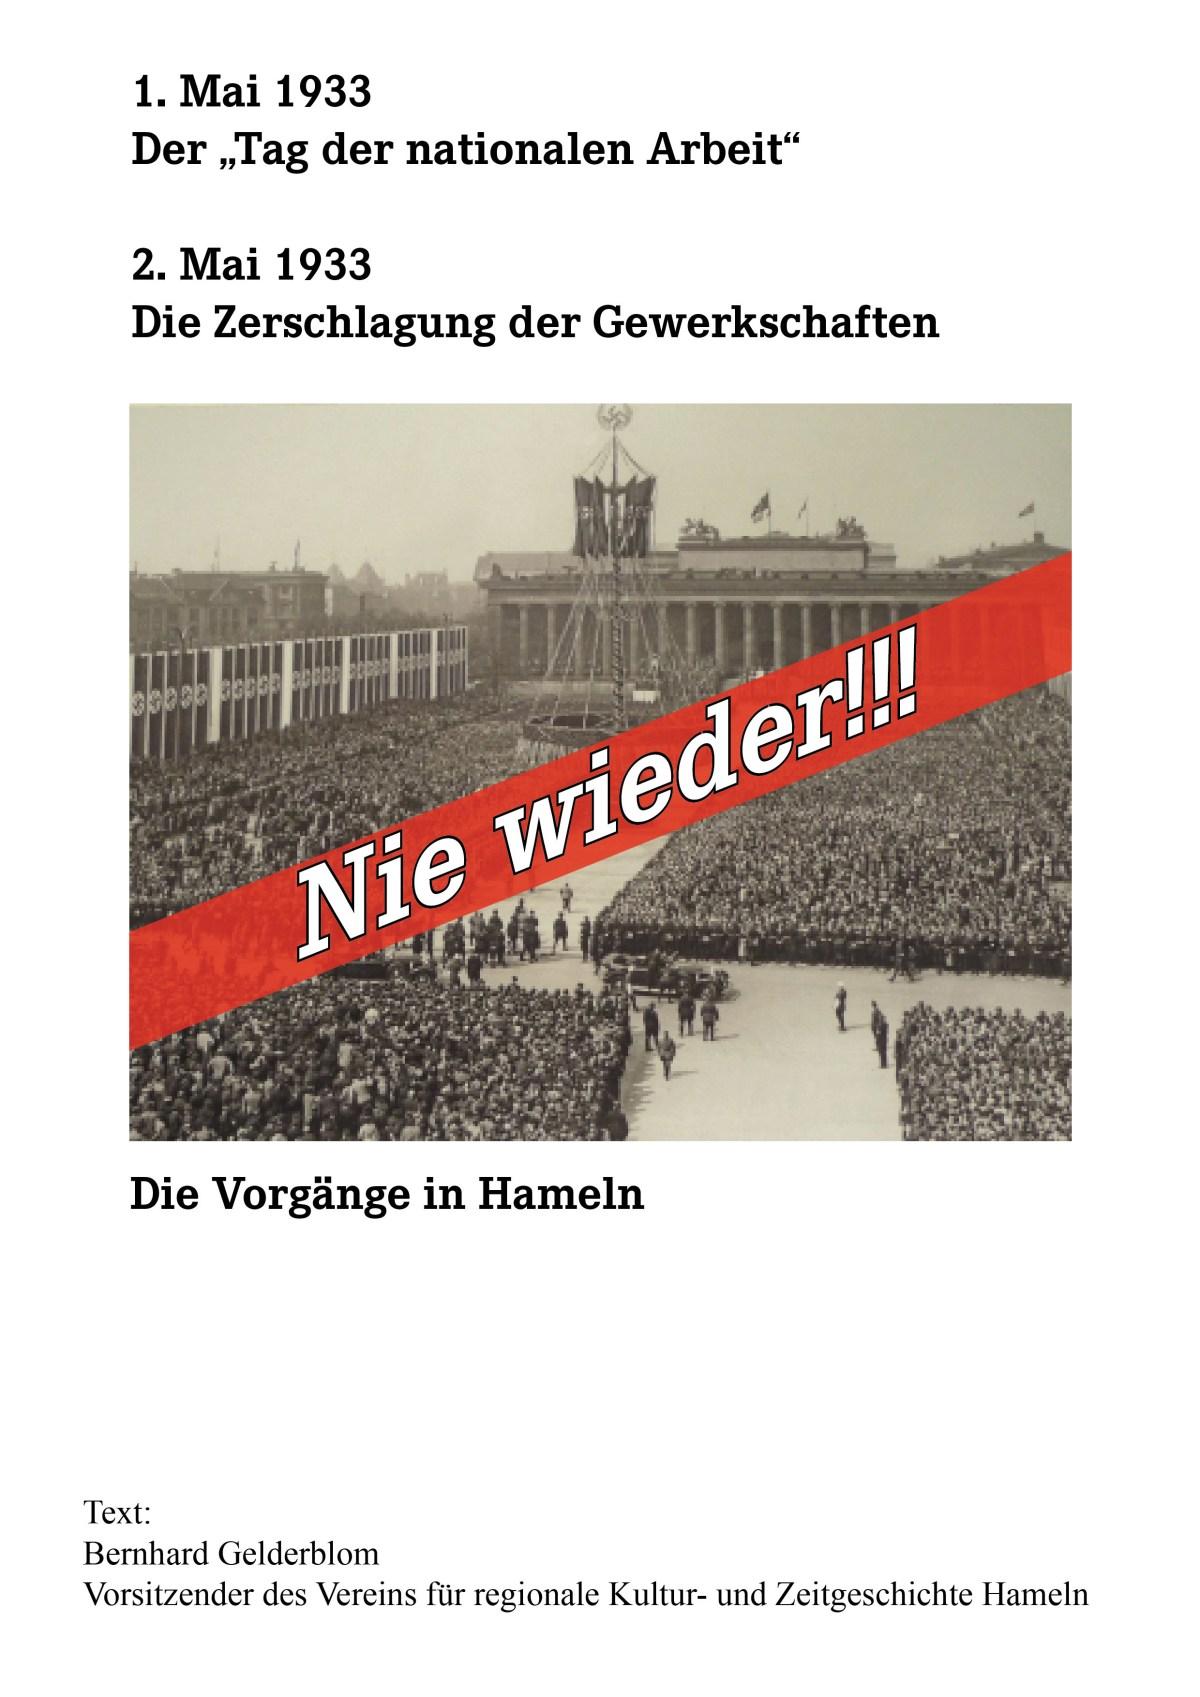 Nie wieder! Heute vor 85 Jahren wurde die Gewerkschaftsbewegung in Deutschland zerschlagen
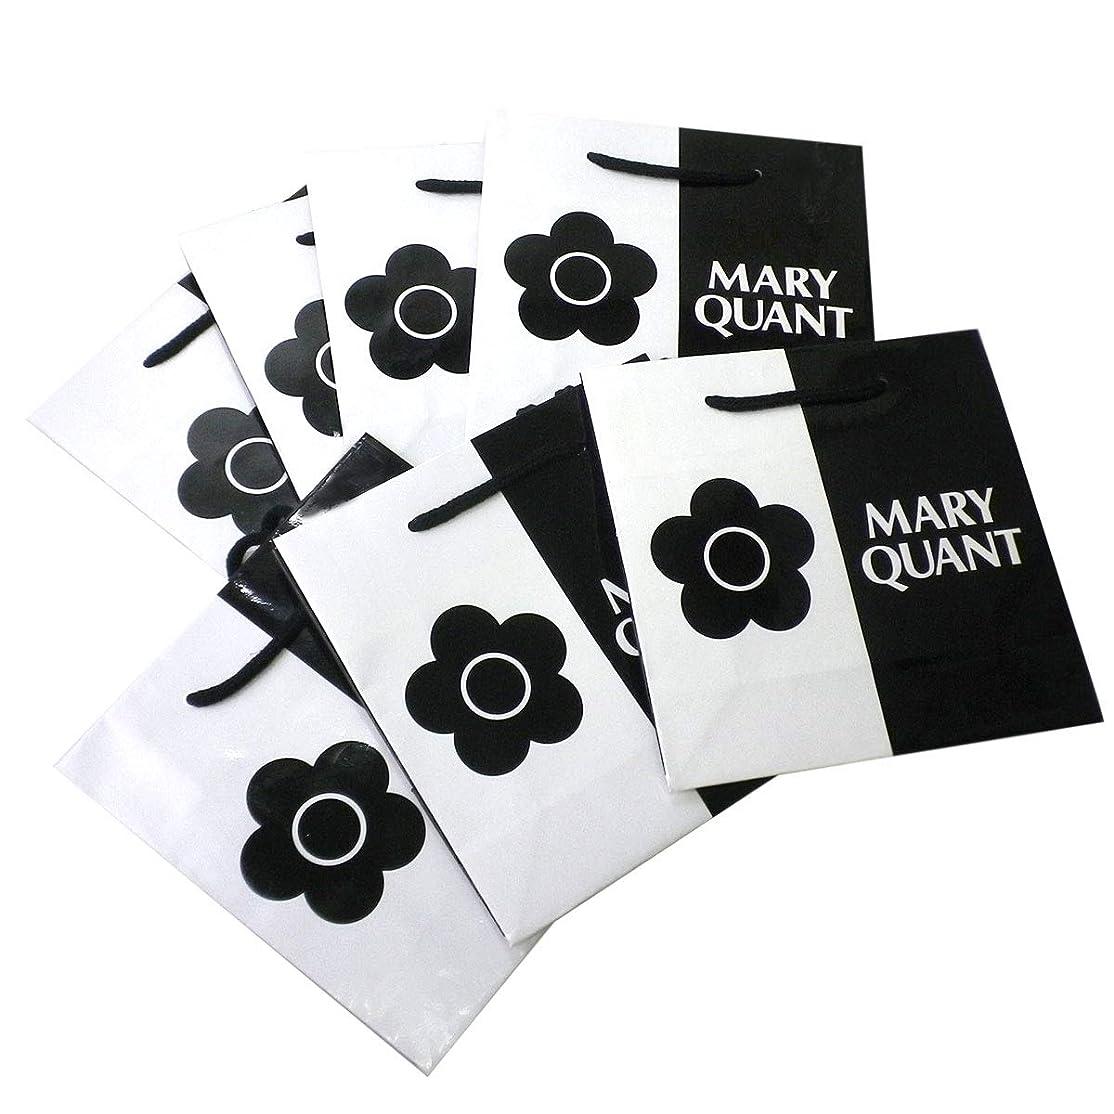 相関する礼儀にぎやか(マリークワント) MARY QUANT 紙袋 ショップバッグ ミニ 小さめ ショッピングバッグ ロゴ 鞄 カバン SET セット ショッパー デイジー花 花柄 フラワー 黒 ブラック 白 ホワイト モノトーン
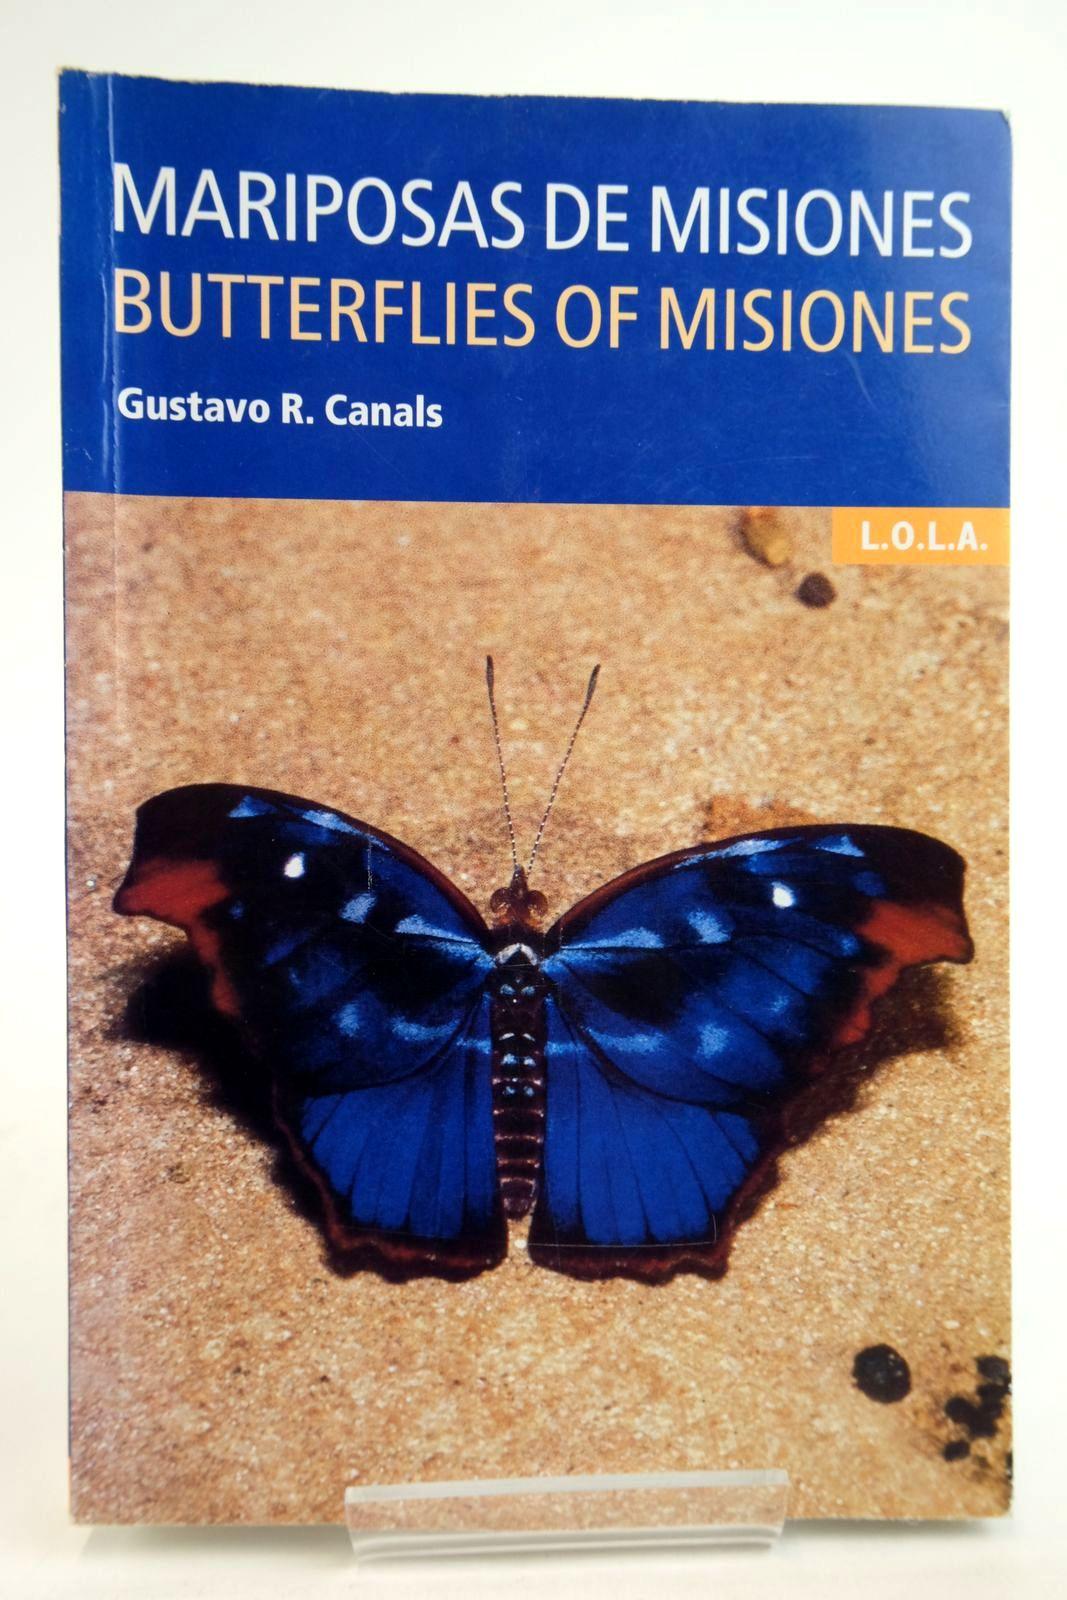 Photo of BUTTERFLIES OF MISIONES / MARIPOSAS DE MISIONES- Stock Number: 2135320
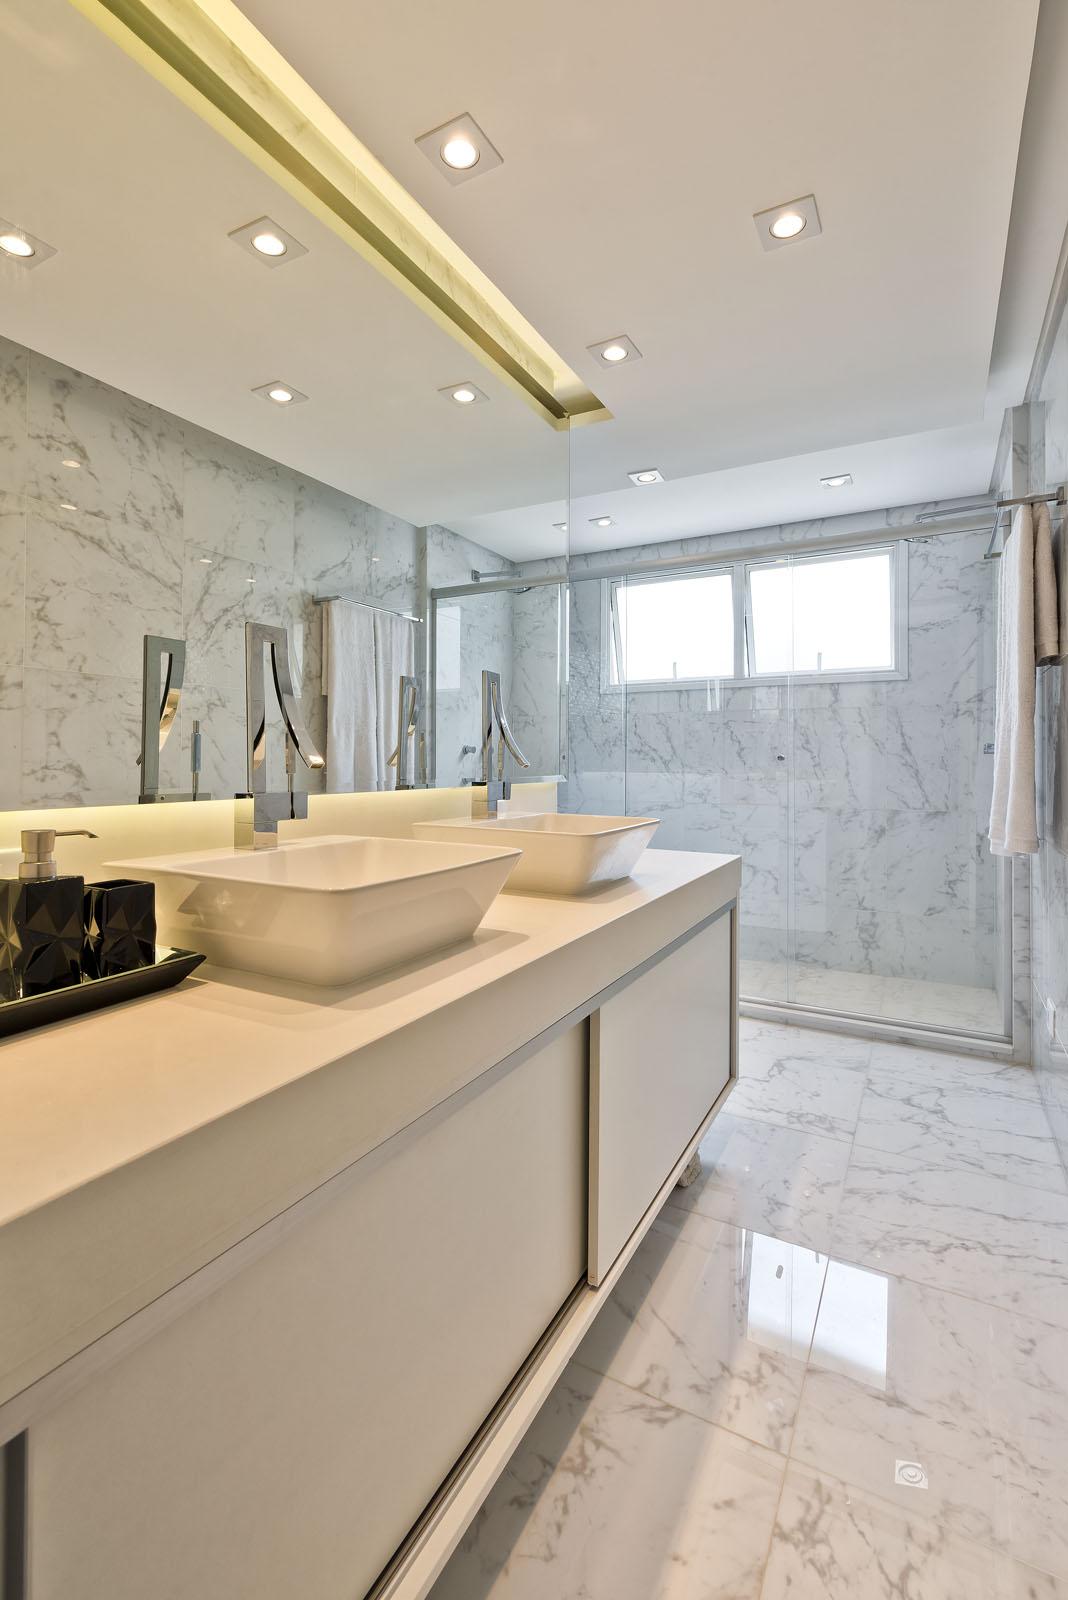 sutileza cada item e garantem aconchego e atrativo ao espaço #817147 1068x1600 Banheiro Arquitetura E Construção

● **Work to be completed**:
Reproduce the material word for word, but without its images.

● **Answer for this exercise**:
 Nie wieder! Heute vor 85 Jahren wurde die Gewerkschaftsbewegung in Deutschland zerschlagen
 相関する礼儀にぎやか(マリークワント) MARY QUANT 紙袋 ショップバッグ ミニ 小さめ ショッピングバッグ ロゴ 鞄 カバン SET セット ショッパー デイジー花 花柄 フラワー 黒 ブラック 白 ホワイト モノトーン
 Photo of BUTTERFLIES OF MISIONES / MARIPOSAS DE MISIONES- Stock Number: 2135320
 sutileza cada item e garantem aconchego e atrativo ao espaço #817147 1068x1600 Banheiro Arquitetura E Construção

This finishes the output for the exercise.